RECORDED DATA
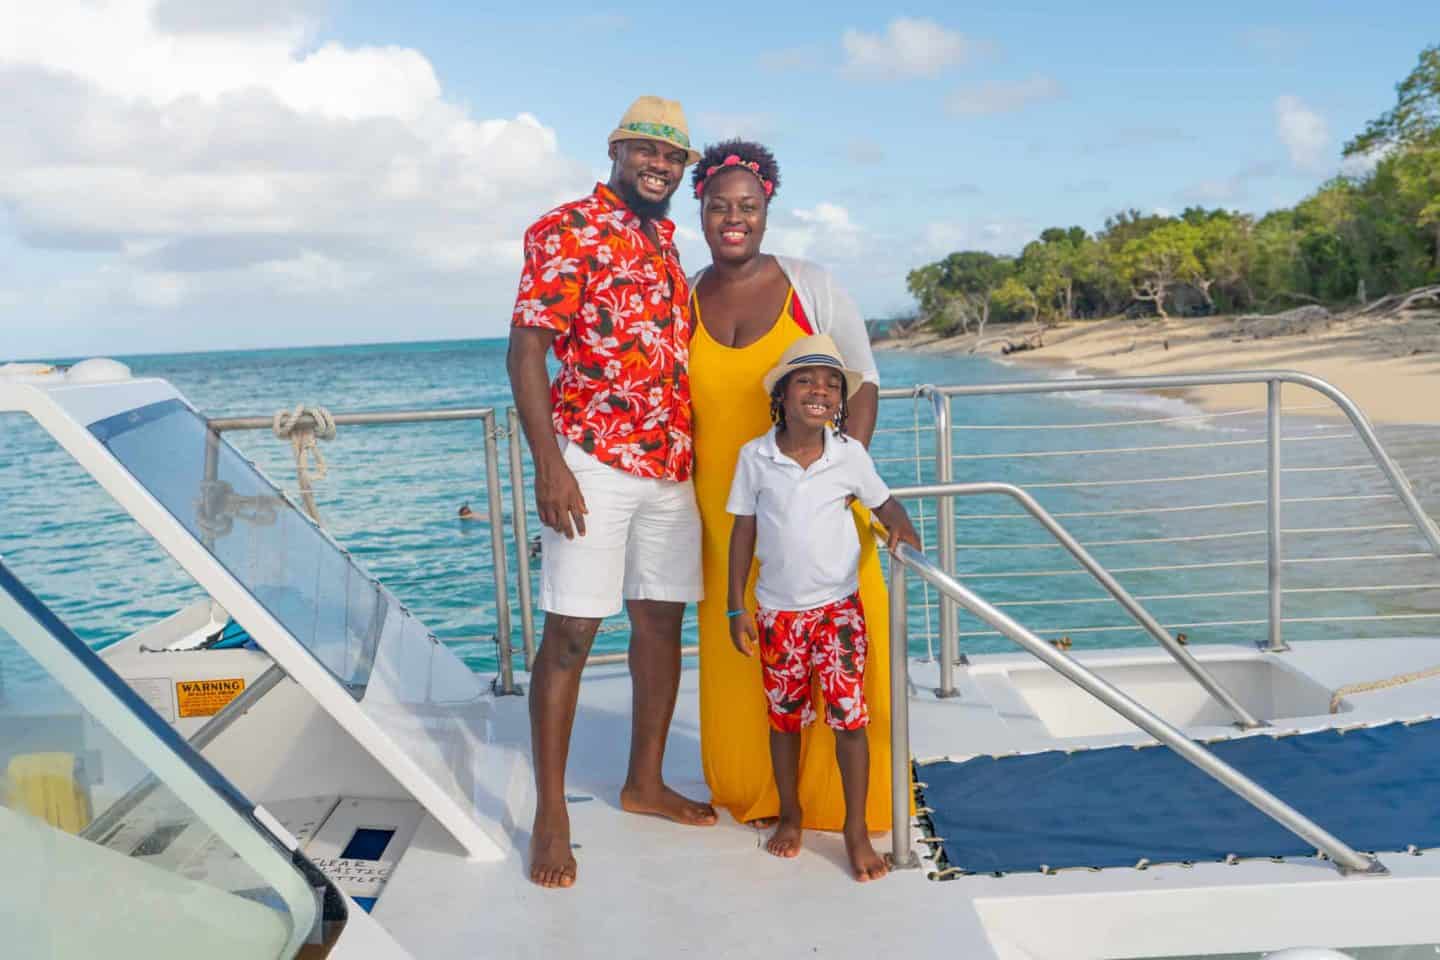 Black Family Travel Things To Do In St Croix Black Family Travel Black Travelers Black Kids Travel Black Family Traveling The World Black Worldschoolers African American Family 117
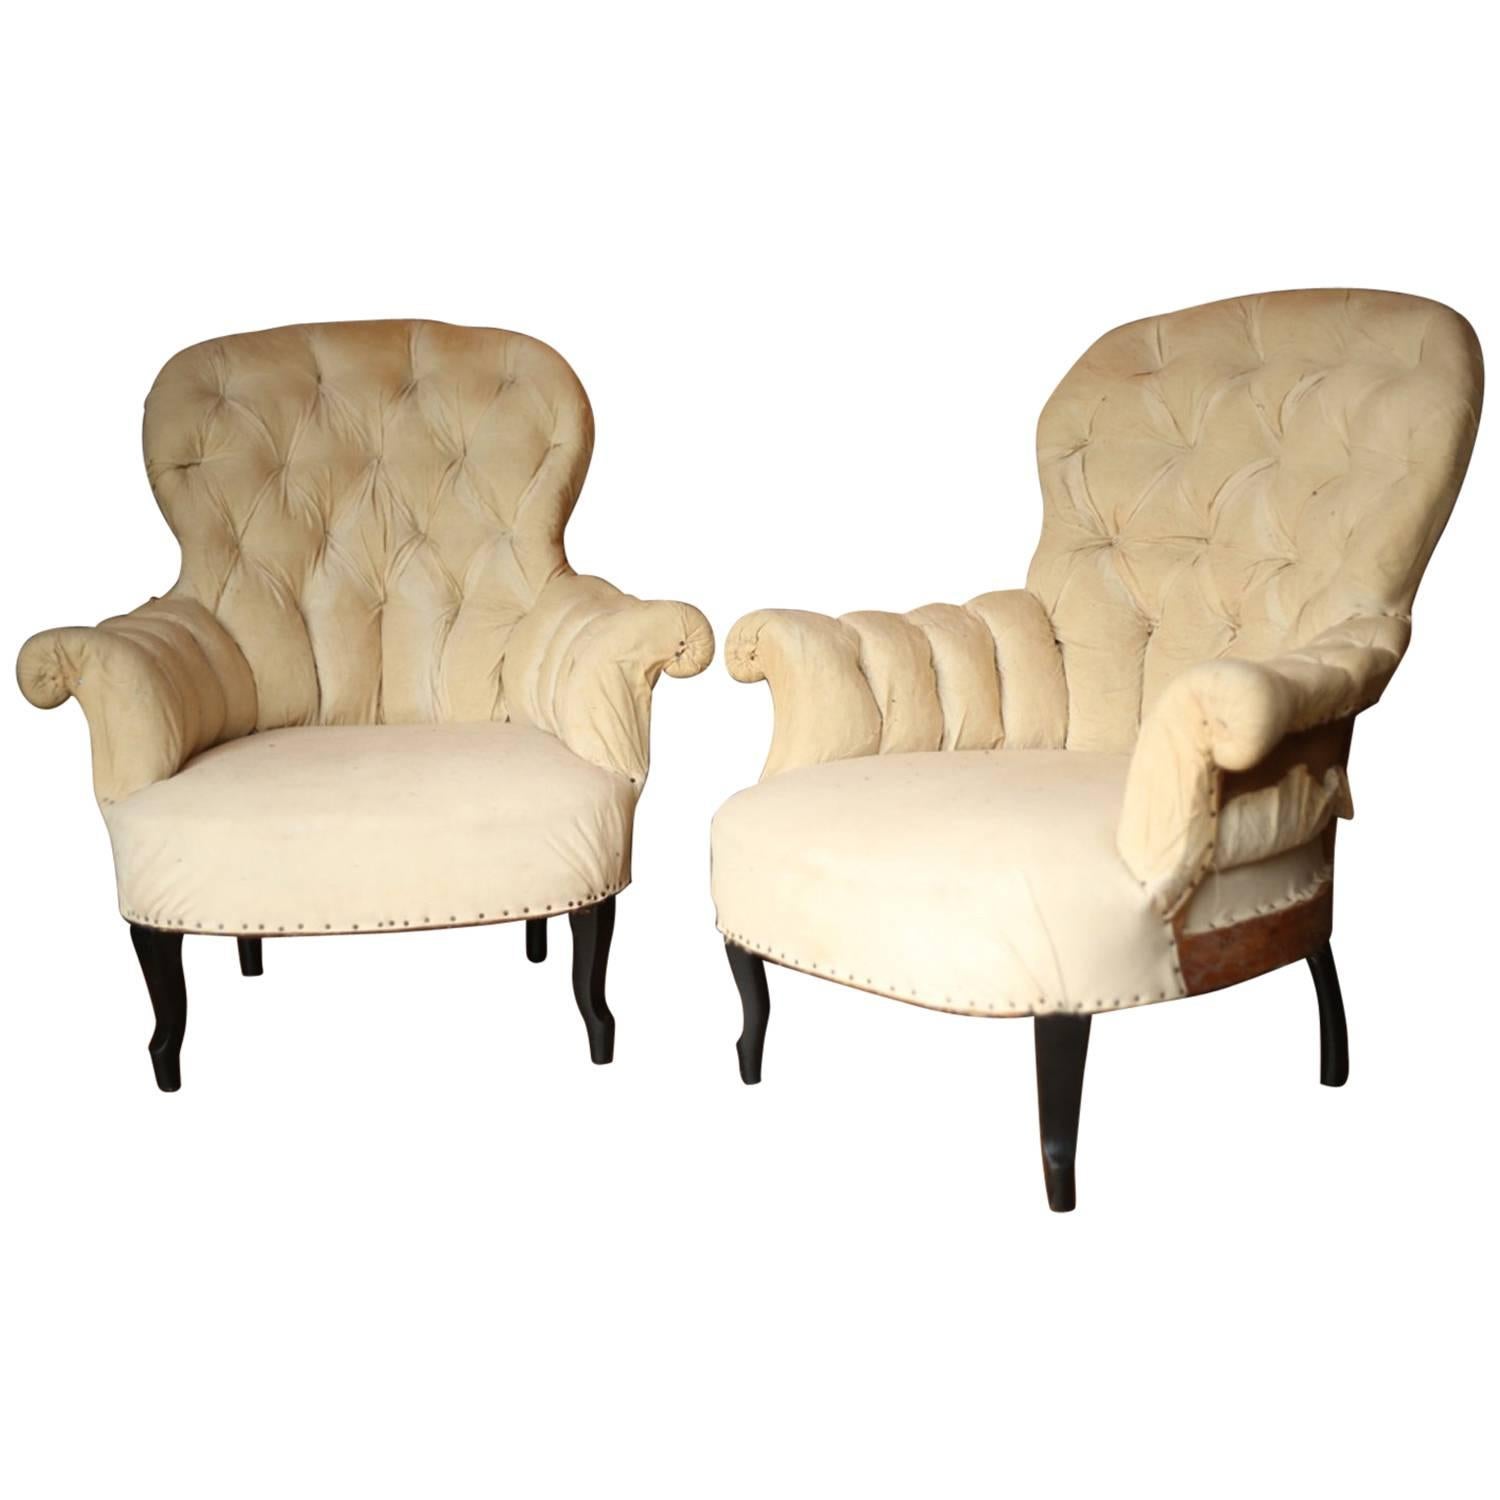 Pair of Napoleon III Buttoned Back Armchairs
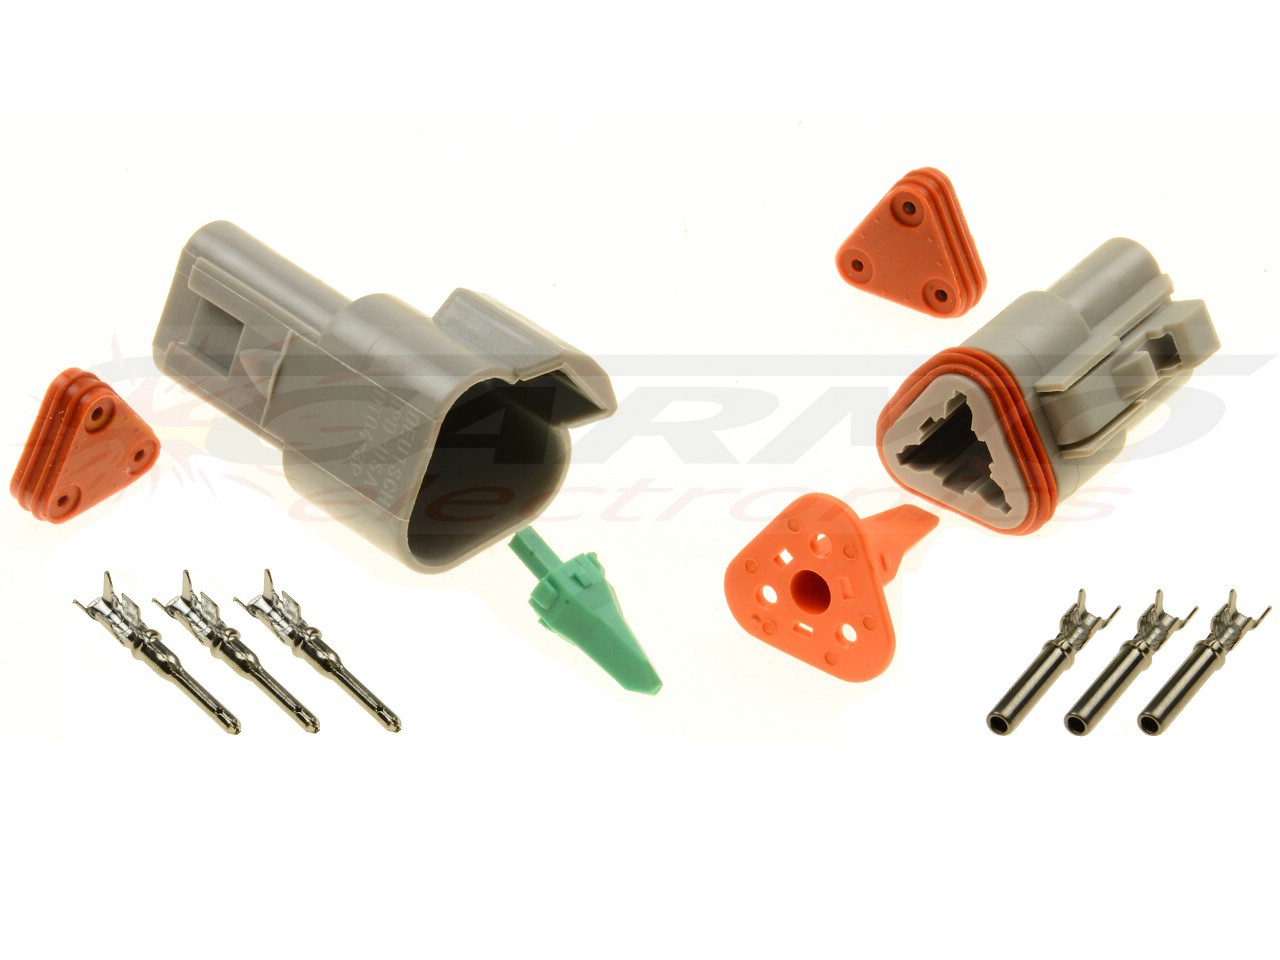 3 pole superseal connector Amphenol - Deutsch DT06-3s DT04-3P - Click Image to Close
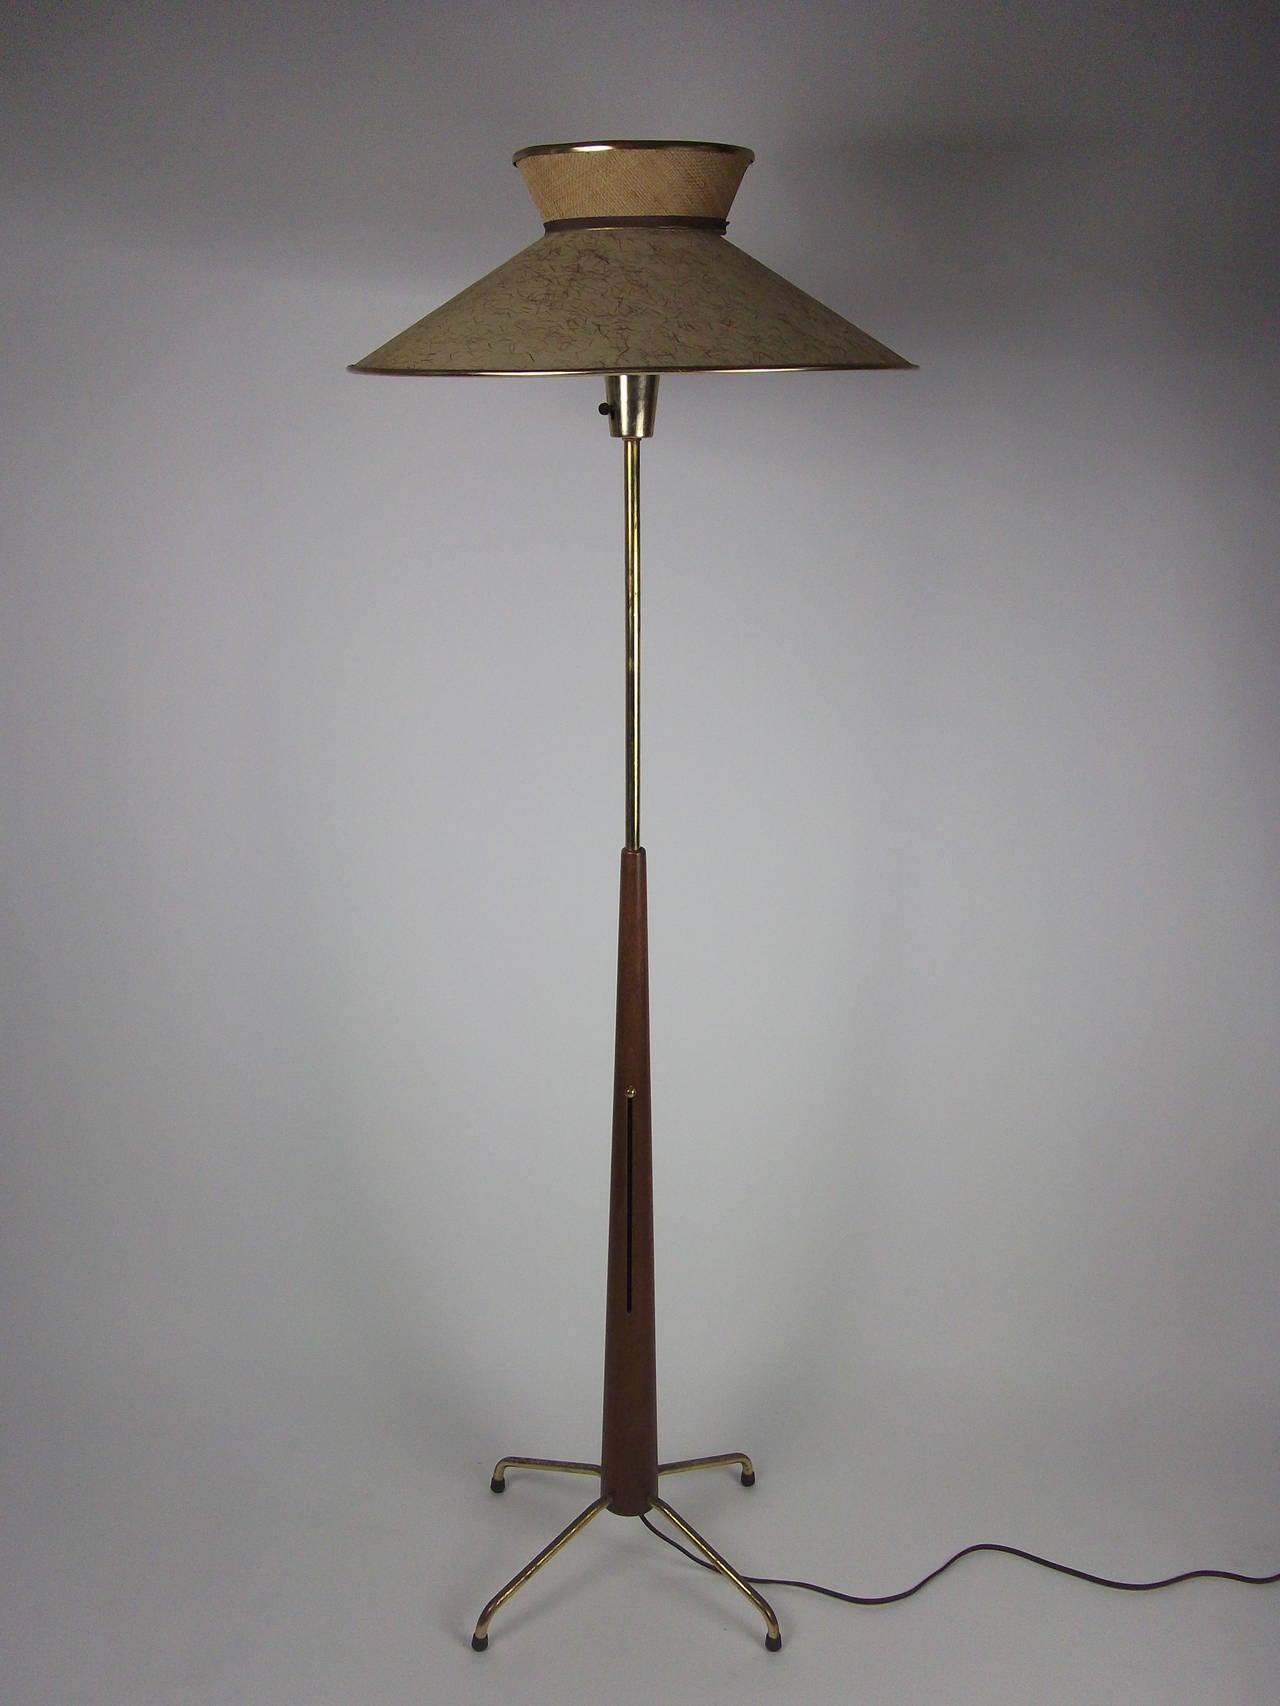 1950s Adjustable Floor Lamp Attributed to Gerald Thurston for Lightolier In Good Condition For Sale In Victoria, British Columbia

WHAT IS REQUIRED
Retype the whole listing exactly and leave the pictures out.

PROBLEM SOLUTION
 Black Family Travel Things To Do In St Croix Black Family Travel Black Travelers Black Kids Travel Black Family Traveling The World Black Worldschoolers African American Family 117
 Pair of Napoleon III Buttoned Back Armchairs
 3 pole superseal connector Amphenol - Deutsch DT06-3s DT04-3P - Click Image to Close
 1950s Adjustable Floor Lamp Attributed to Gerald Thurston for Lightolier In Good Condition For Sale In Victoria, British Columbia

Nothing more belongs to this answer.